Publishers Weekly didn’t see it that way:
“Gerwulf [the protagonist] frets convincingly over his soul, but the other characters lack dimension.”
I was crushed, despite the starred BlueInk review. I had worked as an editor and journalist for decades and understood that my writing would not be everyone’s thing. I thought I had developed a thick skin to criticism—and the bad review still hurt. Worst of all, I couldn’t take it back. The high-profile reviewer published it for all the world to see, alive in cyberspace indefinitely.
Submitting for professional reviews is a gamble, no matter how good your book may be. I got bit, for sure. My negative Publishers Weekly review led to a bout of serious soul searching and more than a couple of drinks. In the end, I decided to use it as a learning opportunity.

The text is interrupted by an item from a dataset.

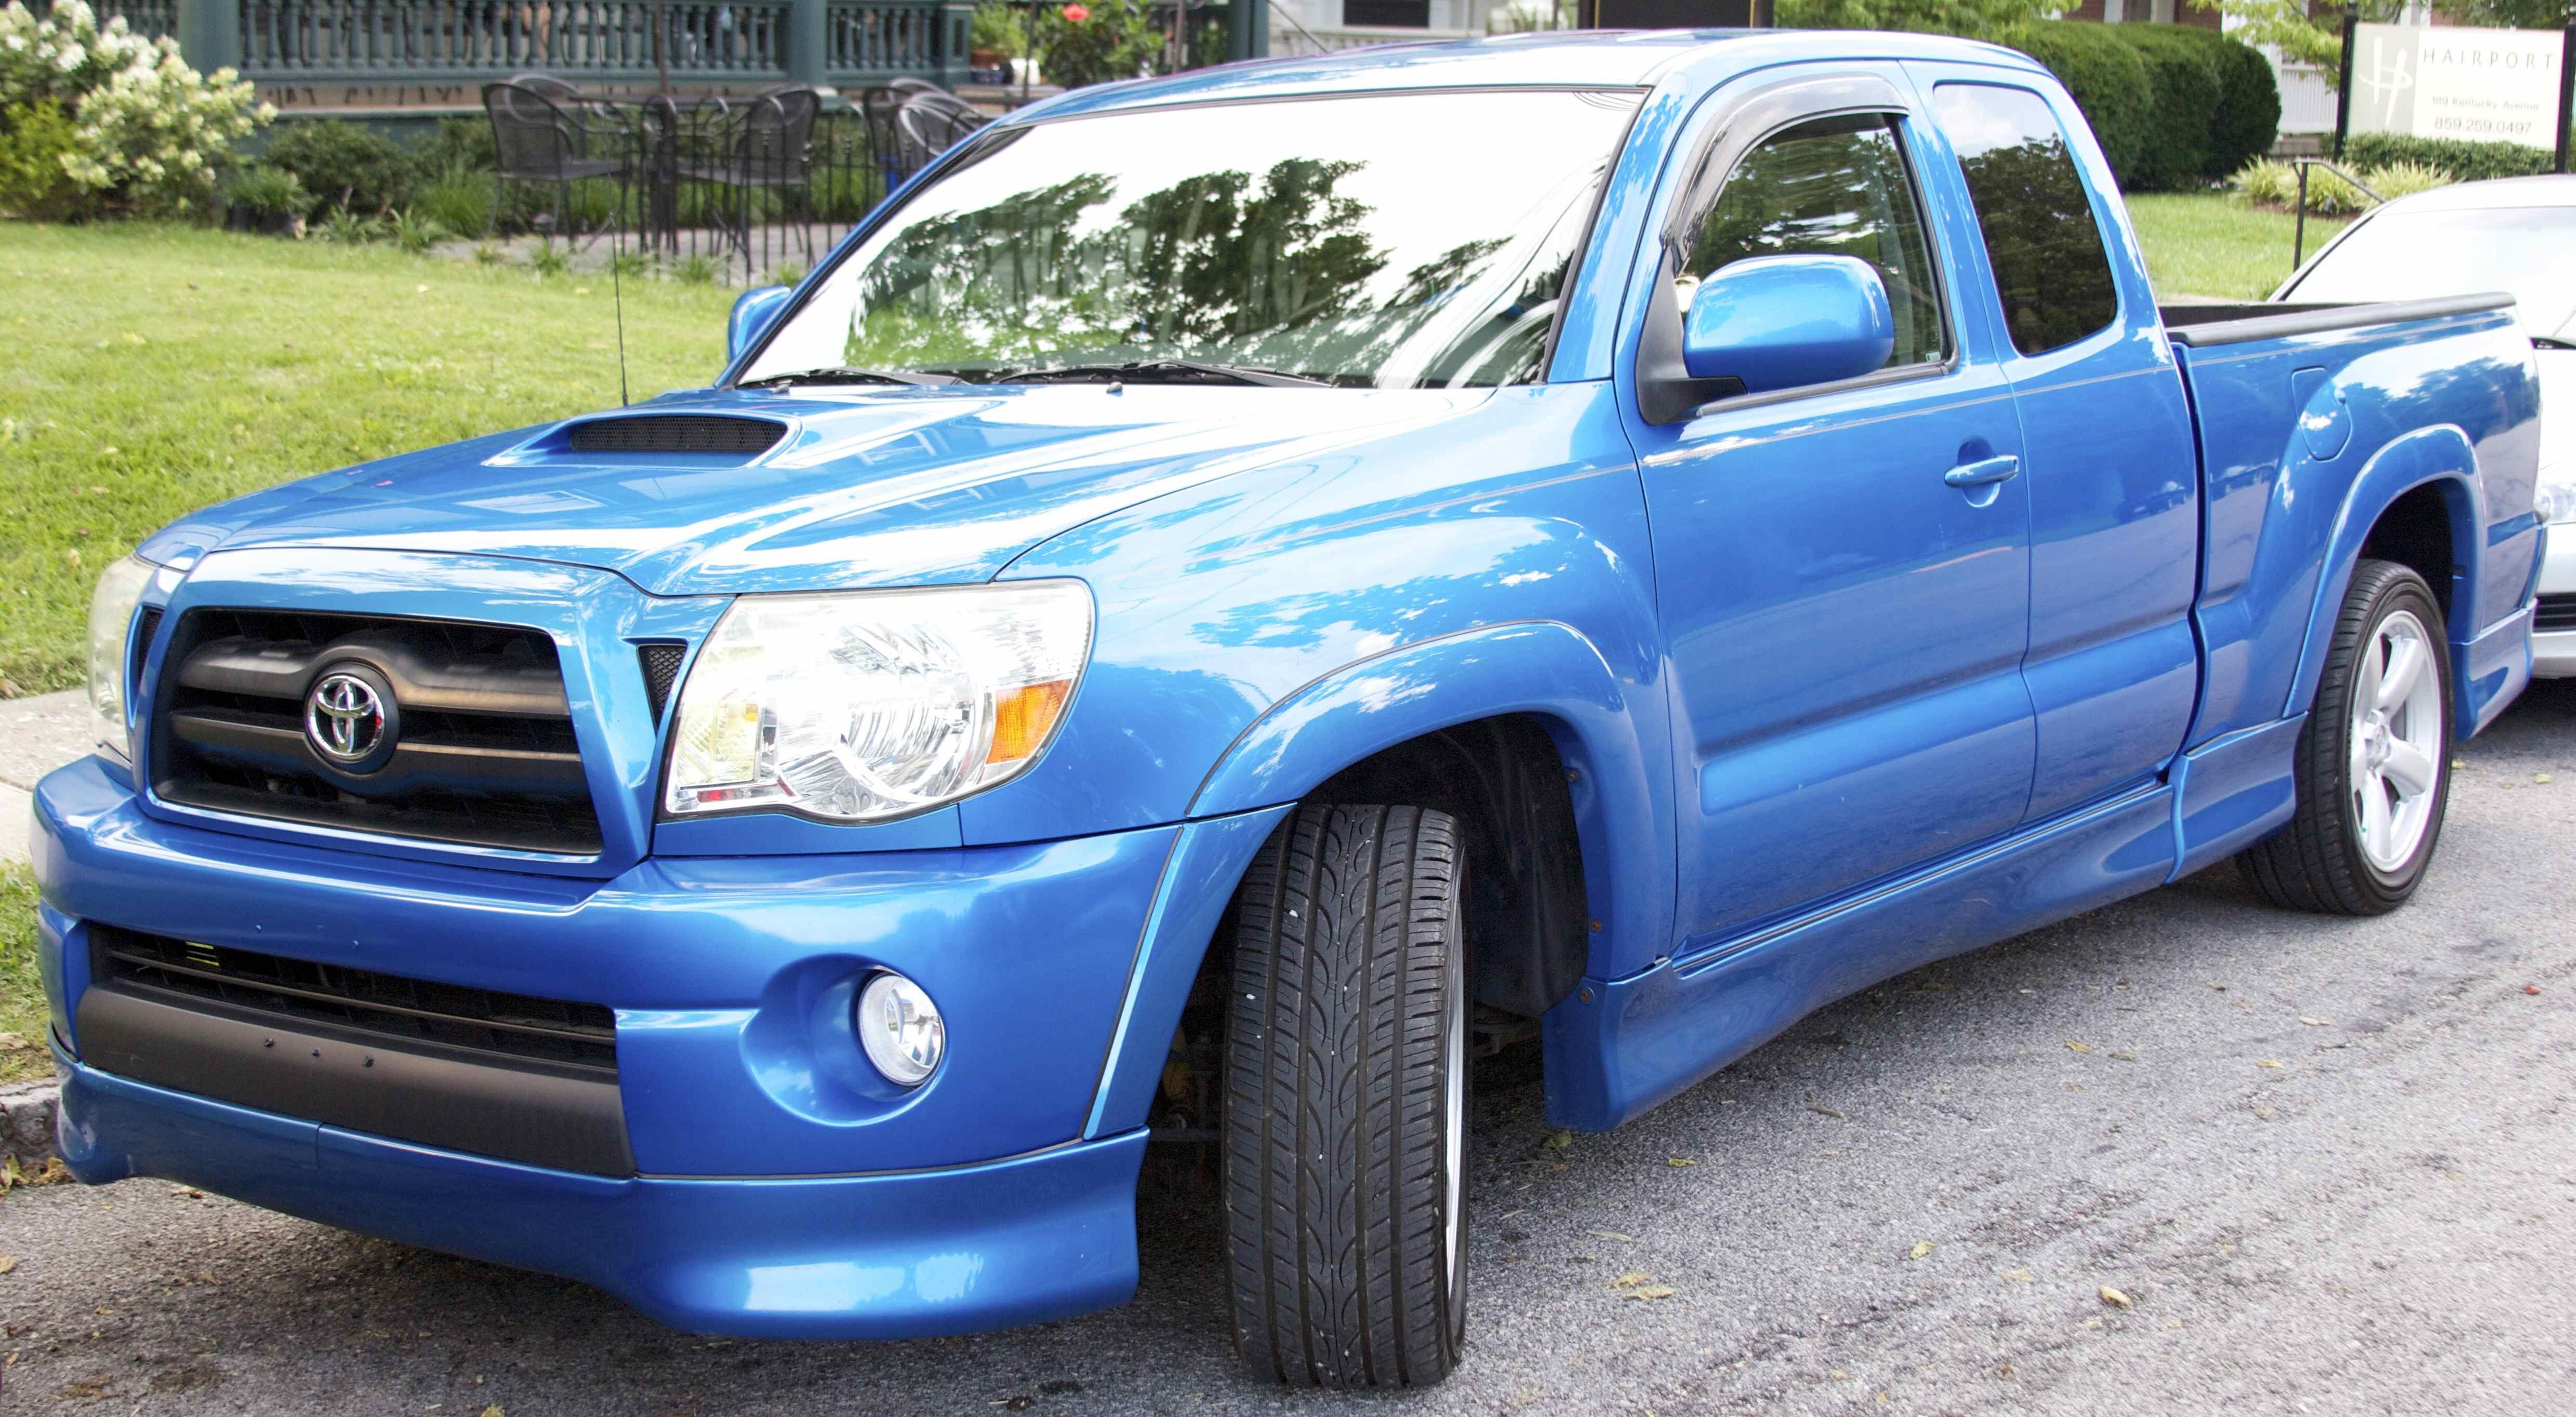 2005 TACOMA XTRACAB PICKUP TRUCK

I dove into writing craft, determined to deepen my characterization and other writing skills. It wasn’t easy, but the experience has brought me to the next level in my craft. The professional reviews of my second and third books were all positive. My third book earned another starred review from BlueInk Review, and I recently learned that it will be featured in Booklist Magazine.
Paid vs. unpaid reviews
If you are nervous about a bad review haunting you, consider submitting to professional reviewers who allow you to opt out of publishing a negative review. Examples include BlueInk Review and Kirkus Reviews. These companies charge a fee, but in addition to the “opt out” feature, they guarantee a review within a specific turnaround time, which free review services generally do not offer.
The cost, sometimes hundreds of dollars, may be prohibitive for some authors. However, the investment can be worthwhile if you are willing to take the bad with the good. Accepting that your book is not everyone’s jam is a big step in becoming a professional. Ask yourself, “Am I prepared to let a bad reviews roll off me and not take it personally? Can I set aside my pride and try to learn something from a bad review?”
Before you submit to any reviewer, remember that reviewers will hold indie authors to the same professional standards as traditionally published authors. Reviewers can spot an unedited, do-it-all-yourself book a mile away. Be prepared to invest in professional editing, layout, and cover design if you want to compete with the big boys in publishing.
Do your homework
If you are considering a paid review, do your homework before punching in your credit card number. Remember that credible reviewers do NOT promise a good review or a quick return on your investment. Look for professional review companies that have proven clout in the publishing industry. Research the expertise of the individual book reviewers and the kind of exposure your review will receive among readers and industry professionals.
For example, select titles from BlueInk Review are featured in a monthly column published by Booklist. BlueInk reviews are eligible to run in the editorial section of an author’s Amazon and Barnes & Noble pages. BlueInk also has relationships with librarians, agents, and publishing professionals, as well as with publishing databases and outlets, such as Ingram and Children’s Literature Comprehensive Database. In addition, BlueInk reviewers are vetted professional writers and critics from mainstream media publications or notable online websites.
Will starred professional reviews make you an instant bestseller? It hasn’t worked out that way for me, but I’m not looking to be a flash-in-the-pan sensation. A “slow-burn” approach to my author career and marketing is best for me and my long-term goals. I want to continuously improve my craft, grow a loyal readership, expand my email list, and build consistent sales over a long career. To achieve that, my marketing plan also includes networking, social media, paid advertising, a consistent publishing schedule to build my catalogue, and crowdsourcing.
Professional reviews are the cornerstone of this plan and have been well worth the investment for me.
Catherine Spader is a retired journalist and editor who writes dark fantasy fulltime in Colorado.